India is one of Nigeria’s oil biggest importers but the South Asian country is stricken with environmental pollution menace emanating from vehicle emission and industrial waste. And as part of Indian government’s efforts to curtail the pollution, it has joined the 2030 EV goal, aiming to make the country 100% electric vehicle nation 30 years from now.

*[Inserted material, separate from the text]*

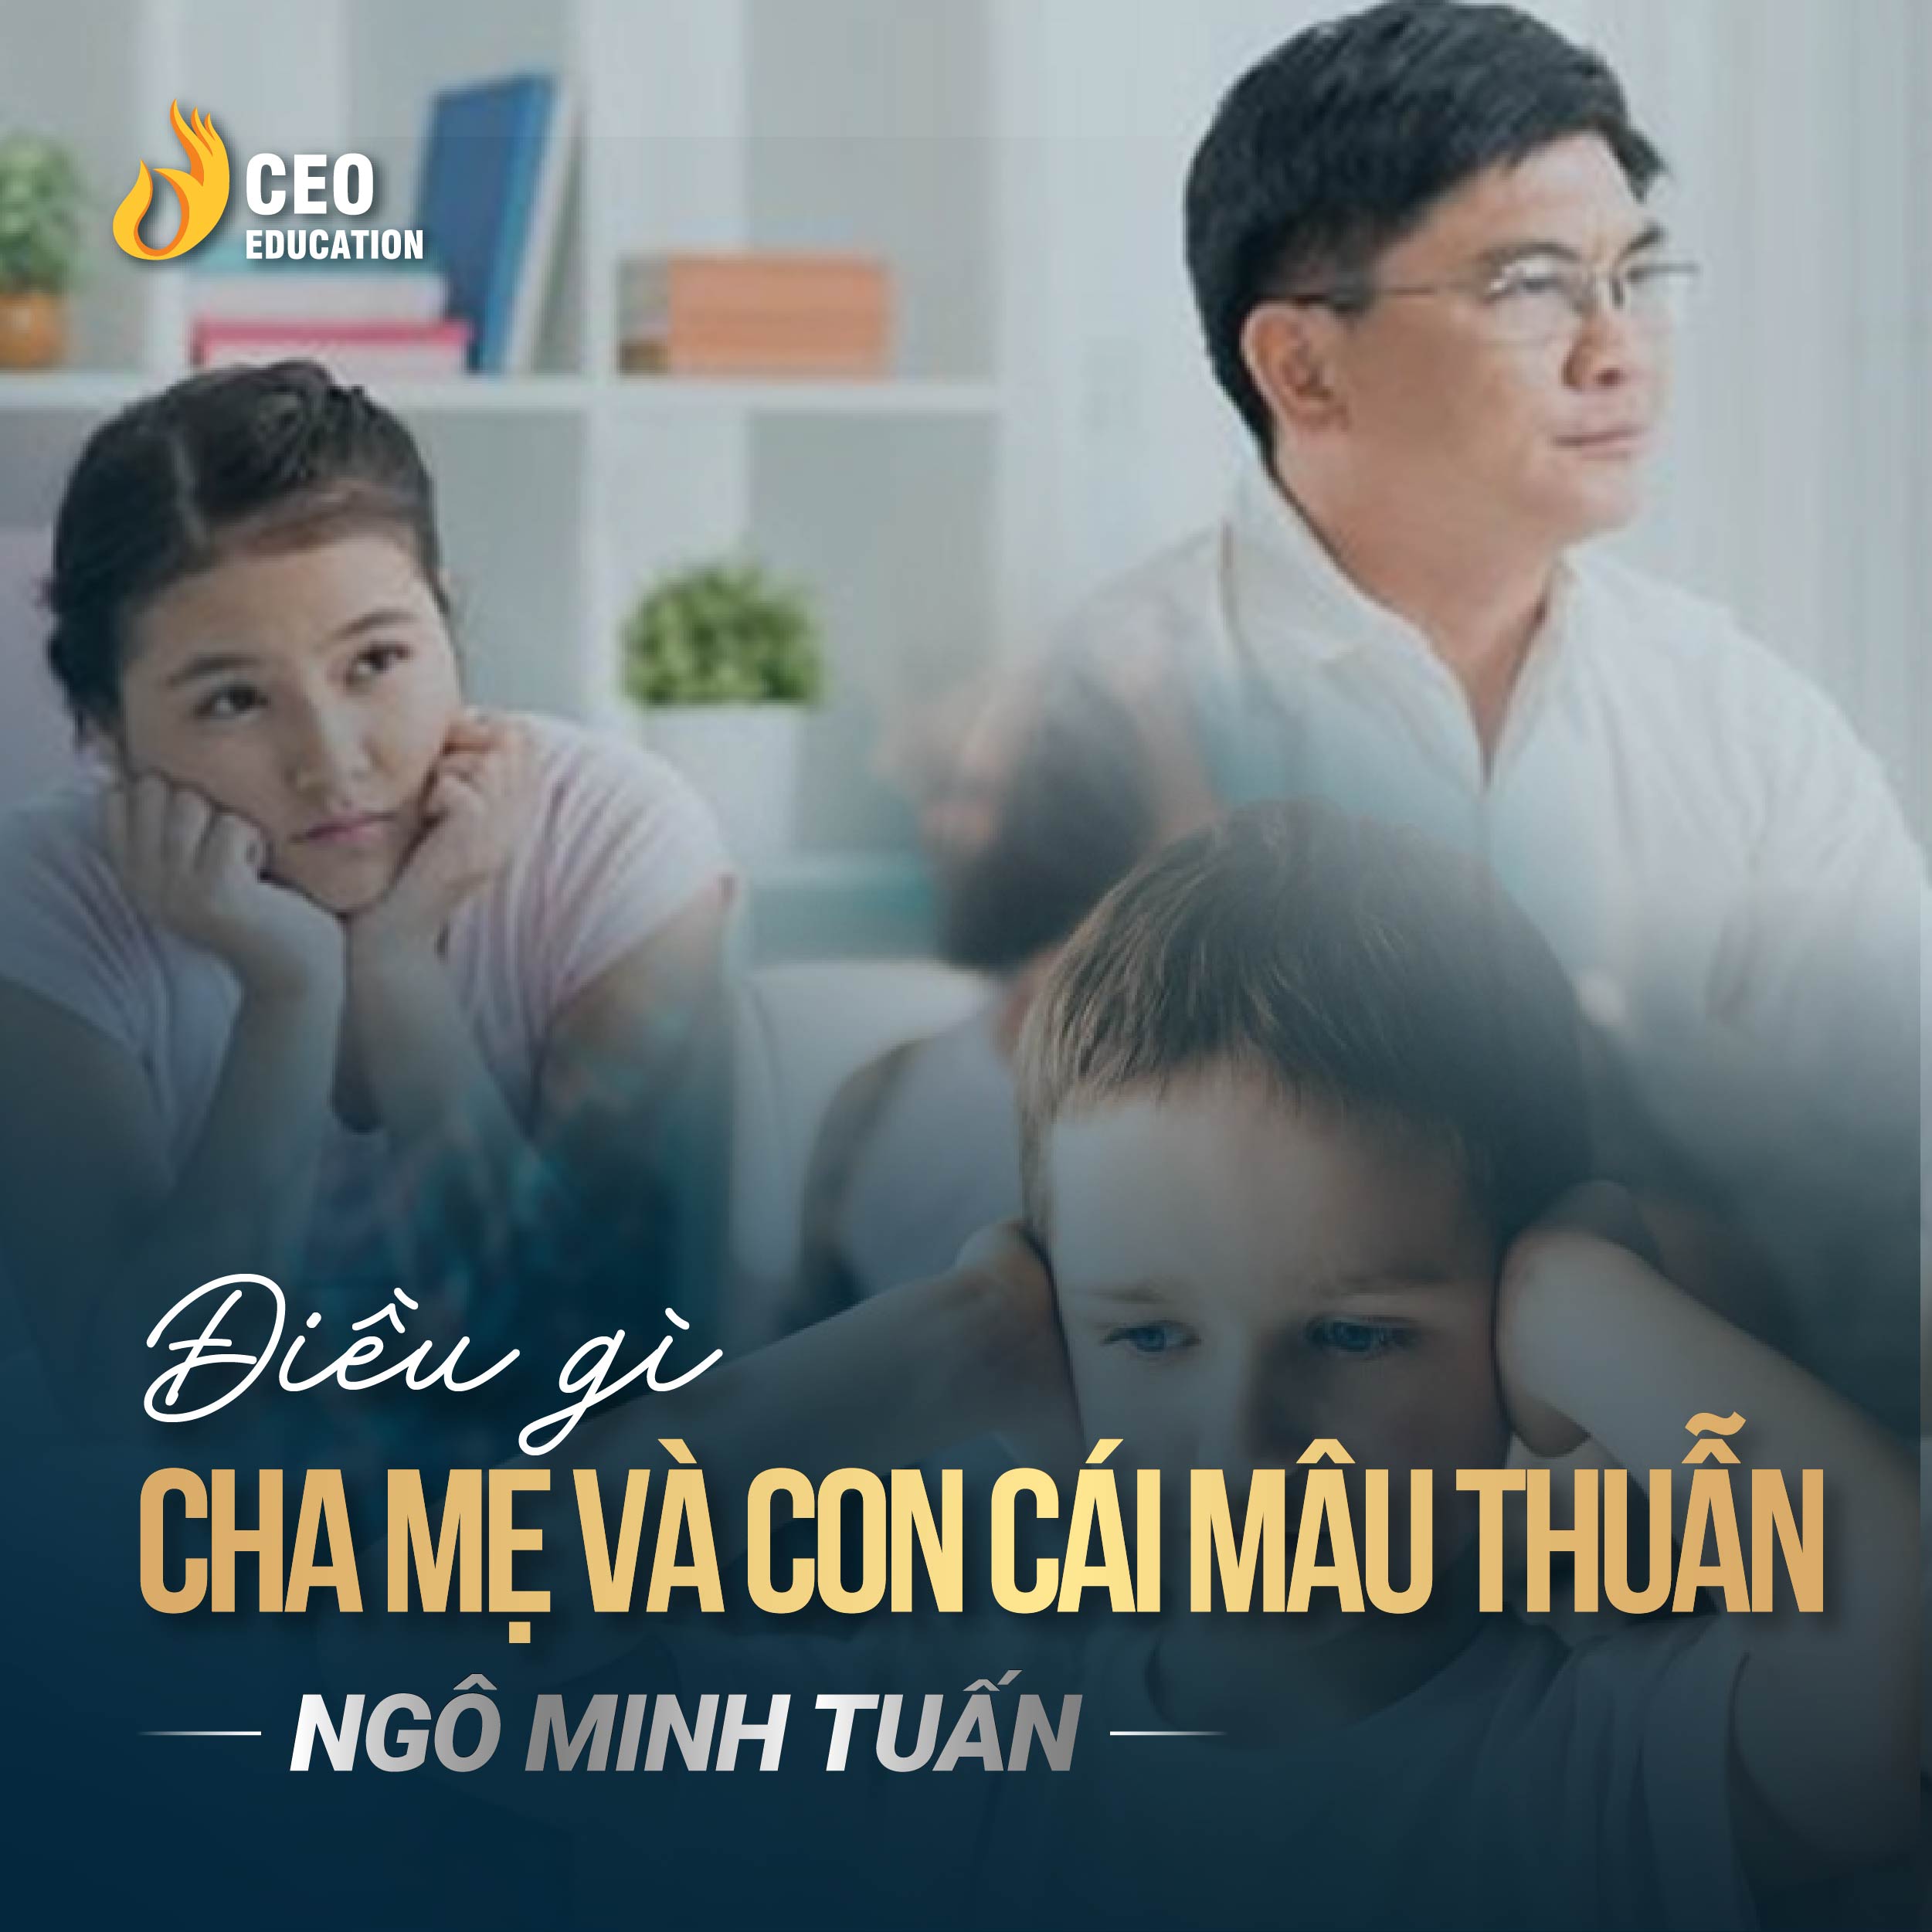 Điều gì đã khiến cha mẹ và con cái xảy ra mâu thuẫn | Ngô Minh Tuấn | Học Viện CEO Việt Nam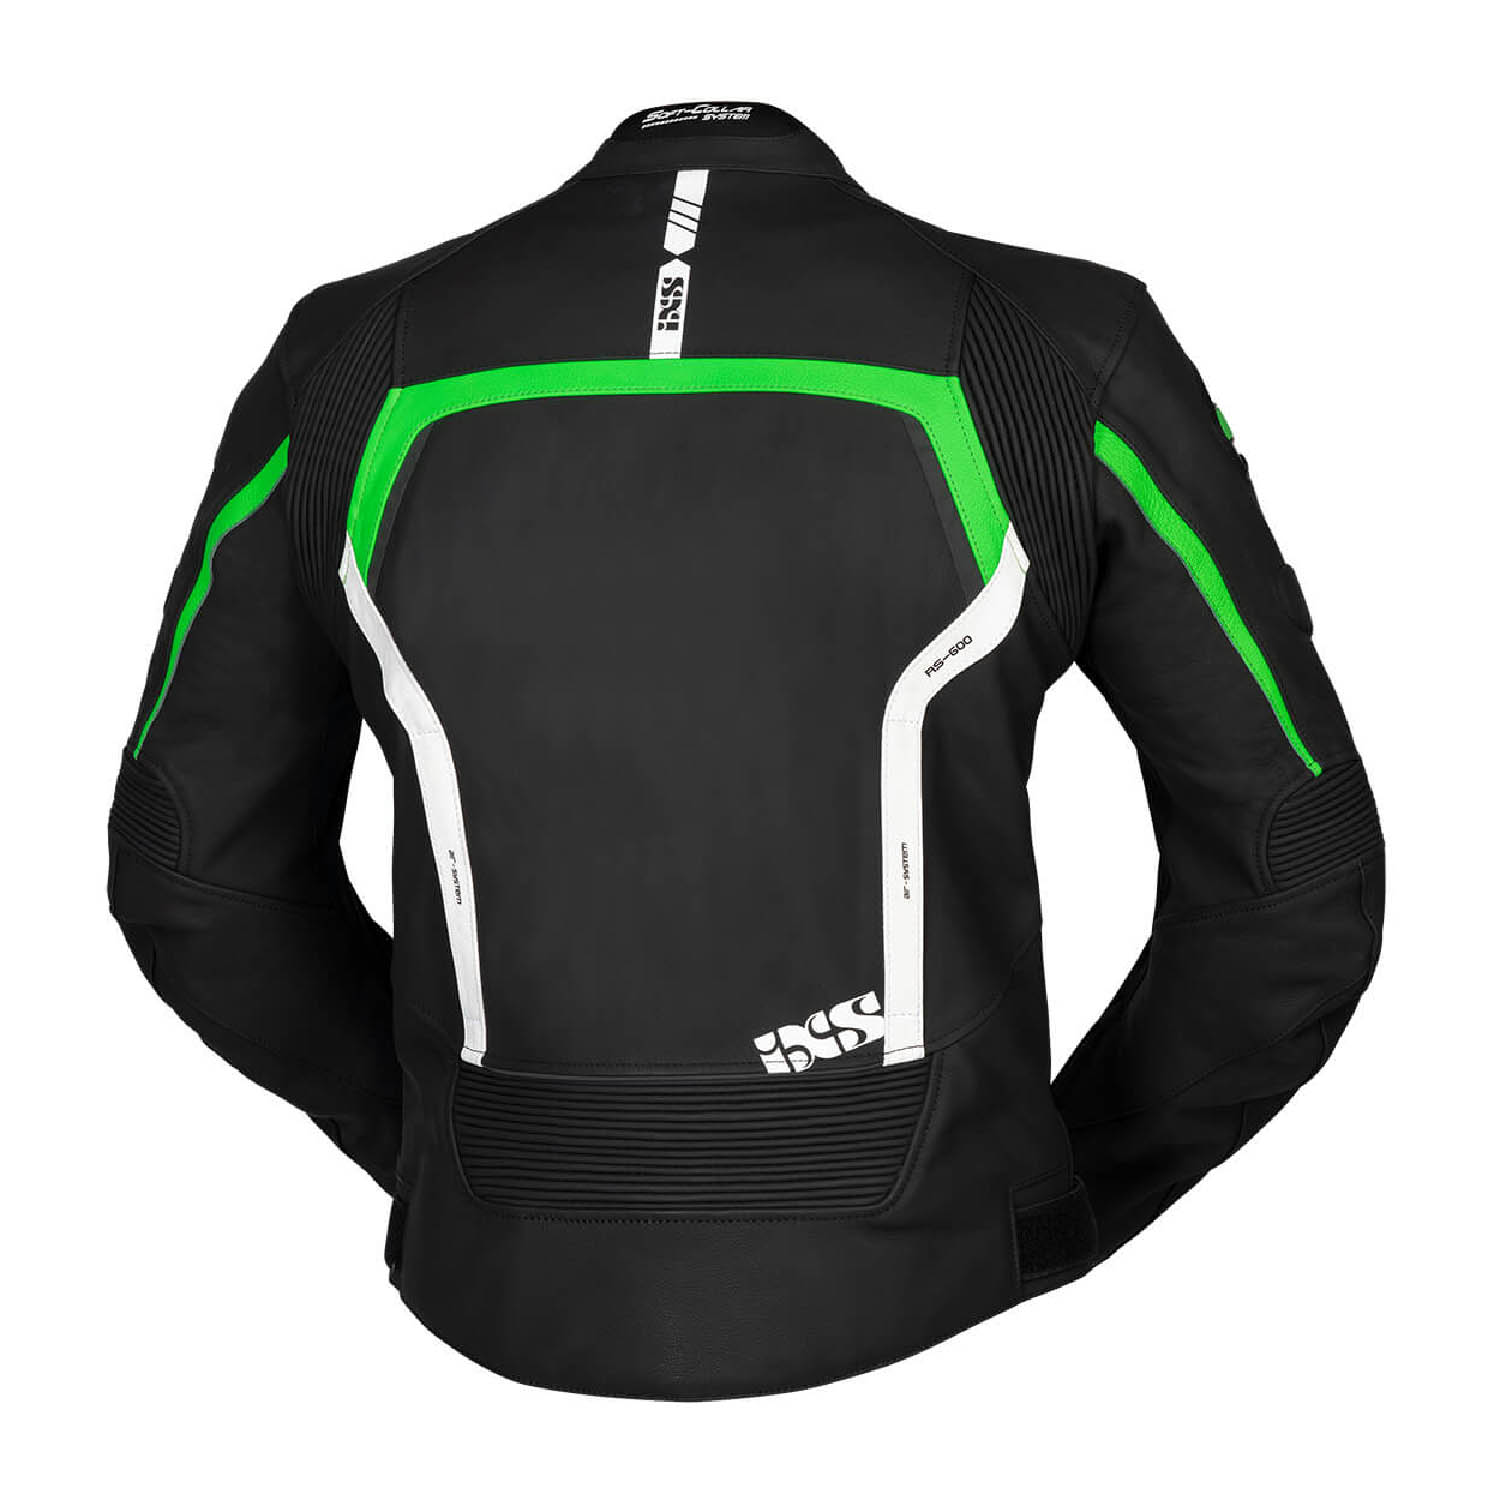 Спортивная куртка кожаная IXS SPORTS LD RS-600 цвет черно-зелёный вид сзади для мотоциклистов купить по низкой цене

This, like every other step the world has taken toward cleaner energy spells doom for Nigeria’s oil-based economy. The Africa’ biggest oil producer has recorded little gain in its effort to diversify its economy. Though President Muhammadu Buhari’s administration has been advocating agriculture as a way out, it seems more like re-echoing an age old mantra as infrastructural deficiencies and poor farming mechanisms stand in the way of progress.
The plunge in oil prices forced the Nigerian government to slash its oil benchmark from $57 to $30bp and cut 20% of the capital budget. Against this backdrop, the country is borrowing to fund its infrastructural projects and recurrent expenditure, which depicts more financial troubles for the coming years.
While transition to cleaner energy is a discussion for future generations in Nigeria, energy economics experts have called on the government to shift focus from oil and consider technology among other choices to avoid the looming doom.
“We need to get our economics right and have a judicious balance between politics and economics in order to transform our country. Politics should no longer outweigh economics and technological considerations.
“We need to look away from oil as a revenue generator but as value addition to the development of Nigeria. Countries have done it. Our federal constitution is about sharing and not producing. We should rework our constitution to bake the cake and not share the cake.
“Take a holistic view of our production, example in agriculture. Add value to agriculture and not the way it is talked about now,” former president of Nigerian Association of Energy Economics, NAEE, Prof. Akin Iwayemi said.